Build and development

Compiler. Transforms source code from one language or version to another. Babel, TypeScript (tsc), CoffeeScript, Sass, PostCSS. Dev dependencies that run at build time and produce output that replaces the input. The source code you write depends on the compiler, but the code your users run doesn’t. Similar to CLI tools in their dependency role, but they shape your source code more deeply because you write in the compiler’s input language.1

Types. Only type definitions, no runtime code. The @types scope on npm is the canonical example: @types/node, @types/react, thousands of others. These exist because TypeScript needs type information for packages written in JavaScript. The entire DefinitelyTyped project is a parallel registry of type-only packages that shadow real packages. Python has a similar pattern with types-requests, types-PyYAML, and stub packages for mypy. They vanish entirely from production builds.

Generator. Scaffolds new projects or components, typically run once and never imported again. create-react-app, yeoman generators, rails new, cargo-generate. The generated output is the thing you maintain, not the generator itself. Some ecosystems install these globally, some use npx-style one-shot execution, and some bundle them into the framework CLI. The relationship between a generator and the code it produces is a dependency that no lockfile captures.

Artefacts

Data. Ships data rather than code: timezone databases (tzdata, tzinfo-data), Unicode character tables, country and currency lists, language detection models, word lists. Shared tool configurations (eslint-config-airbnb, @tsconfig/recommended) are data packages too, turning coding style decisions into installable dependencies with their own update and compatibility concerns. The package manager is being used as a distribution mechanism for datasets that need to be versioned and depended on just like code. Some of these are large enough that registries end up debating size limits. The IANA timezone database gets new releases when countries change their daylight saving rules, and every language ecosystem has its own repackaged copy.

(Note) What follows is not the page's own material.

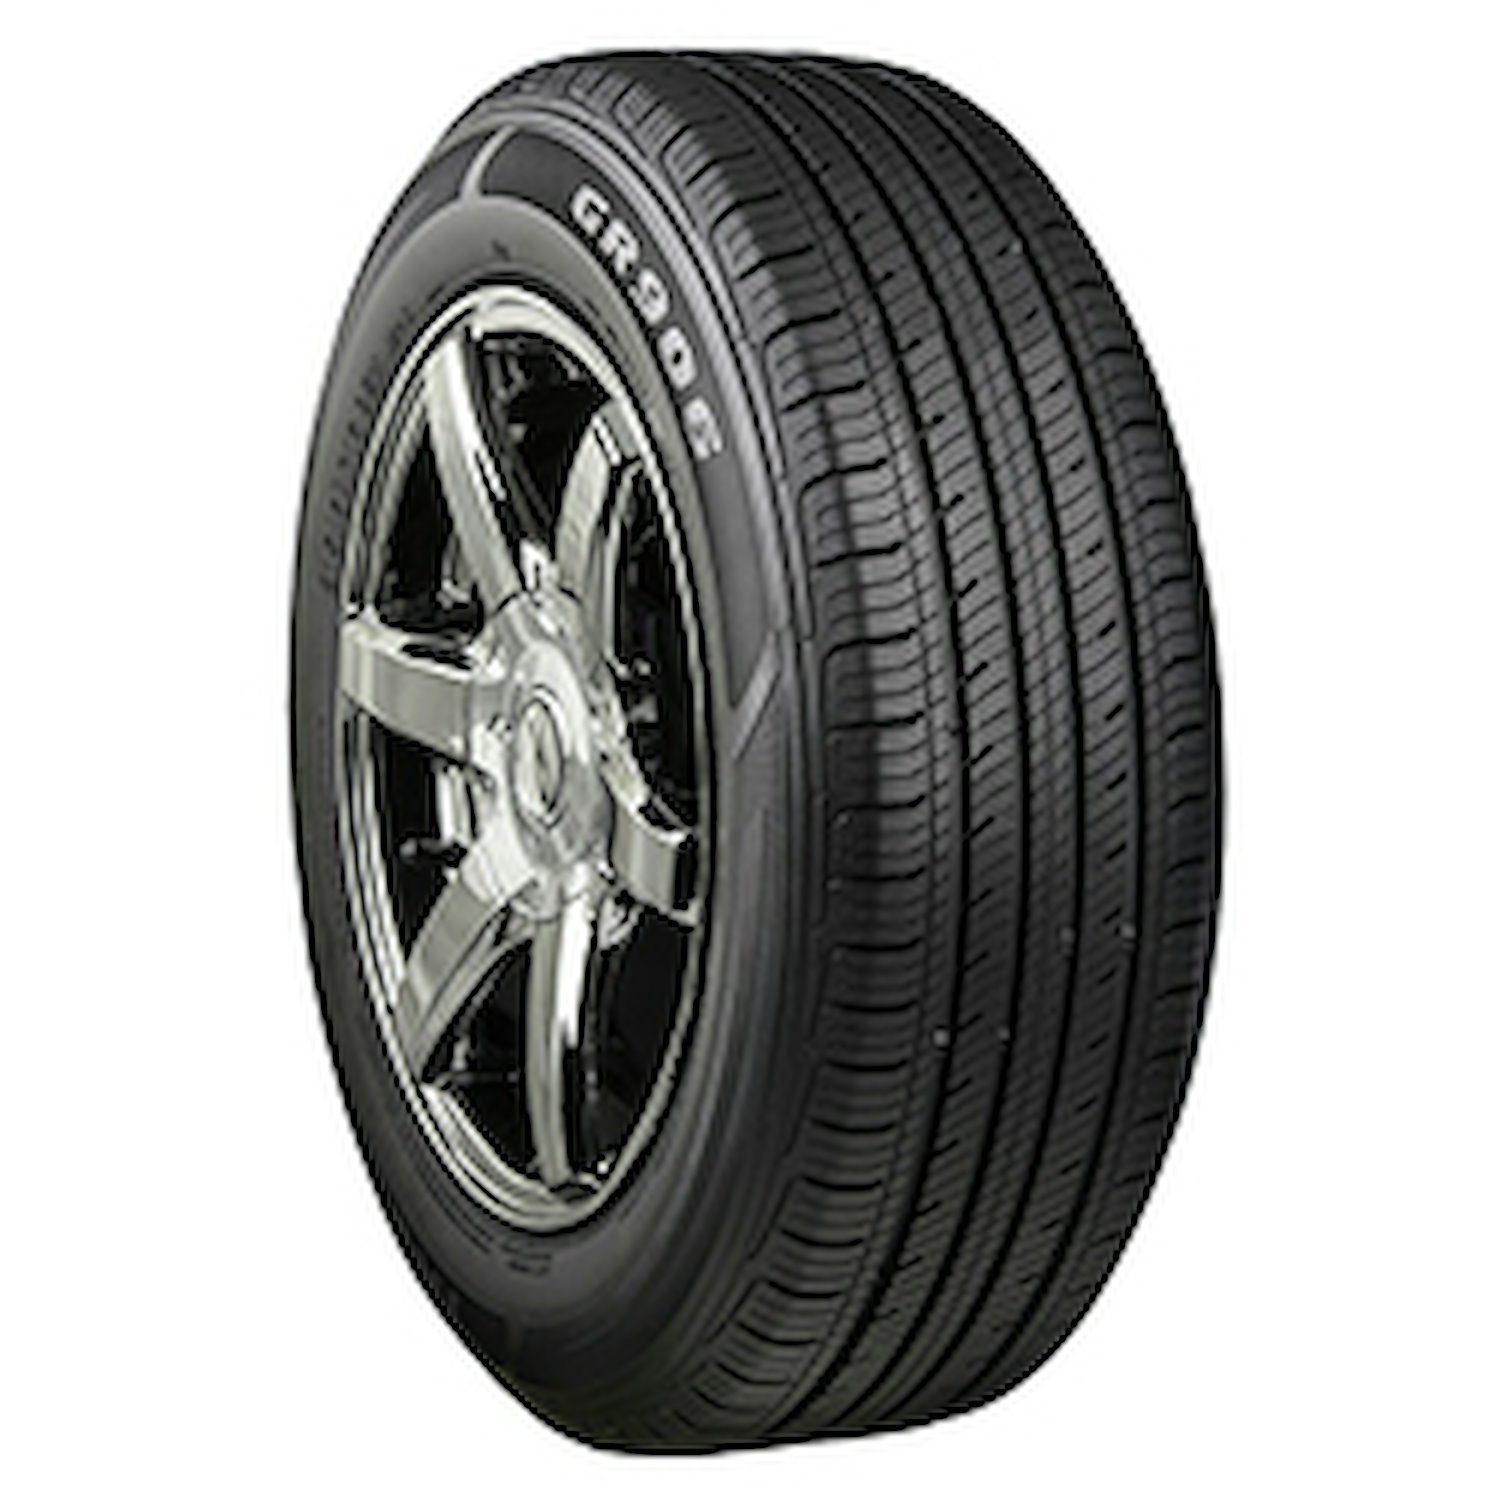 GR906 Tire, 195/60R15 88H

Asset. Non-code, non-data resources that a system or application needs to function. Fonts (fonts-liberation, ttf-mscorefonts), icon sets, SSL certificate bundles (ca-certificates), sound files, locale definitions. Resources that some other piece of software expects to find on disk, not code you call or structured data you query. System package managers handle these naturally, while language package managers mostly ignore them or push the problem to Docker and system-level provisioning.

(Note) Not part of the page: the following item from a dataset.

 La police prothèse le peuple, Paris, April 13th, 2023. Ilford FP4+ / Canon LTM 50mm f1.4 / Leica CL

Schema. Defines the shape of data exchanged between systems, distributed as a shared dependency that both sides of a boundary rely on. Protobuf definition packages, OpenAPI specs, JSON Schema packages, GraphQL schema files, Avro schemas, AsyncAPI definitions. Language-agnostic interface definitions that get compiled into types and code for each consumer, distinct from type packages (which are language-specific and exist to satisfy a type checker). Both the producer and consumer of an API or message format depend on the same schema package, turning it into a coordination point where a version bump on one side forces a response on the other.

Meta. Declares dependencies but contains little or no code of its own, pulling in a curated set of other packages when installed. The rails gem depends on activerecord, actionpack, activesupport, and the rest, but the gem itself is mostly a gemspec. Debian and other system package managers use meta-packages extensively for grouping (build-essential, texlive-full). In npm, packages like react-scripts bundle a whole toolchain behind a single dependency. Convenient, but they hide what you actually depend on, and auditing gets harder.

Environment

Runtime. The execution environment itself, treated as a versioned package. At the system level: Ruby in .ruby-version, Python in .python-version, Node.js in engines, managed by tools like rbenv, pyenv, nvm, mise, and asdf. At the package level, Electron embeds a browser runtime and esbuild ships platform-specific binaries as npm packages. The package manager or version manager becomes a distribution channel for the thing that runs your code, and a version mismatch here tends to produce errors from a layer that most tooling assumes is fixed.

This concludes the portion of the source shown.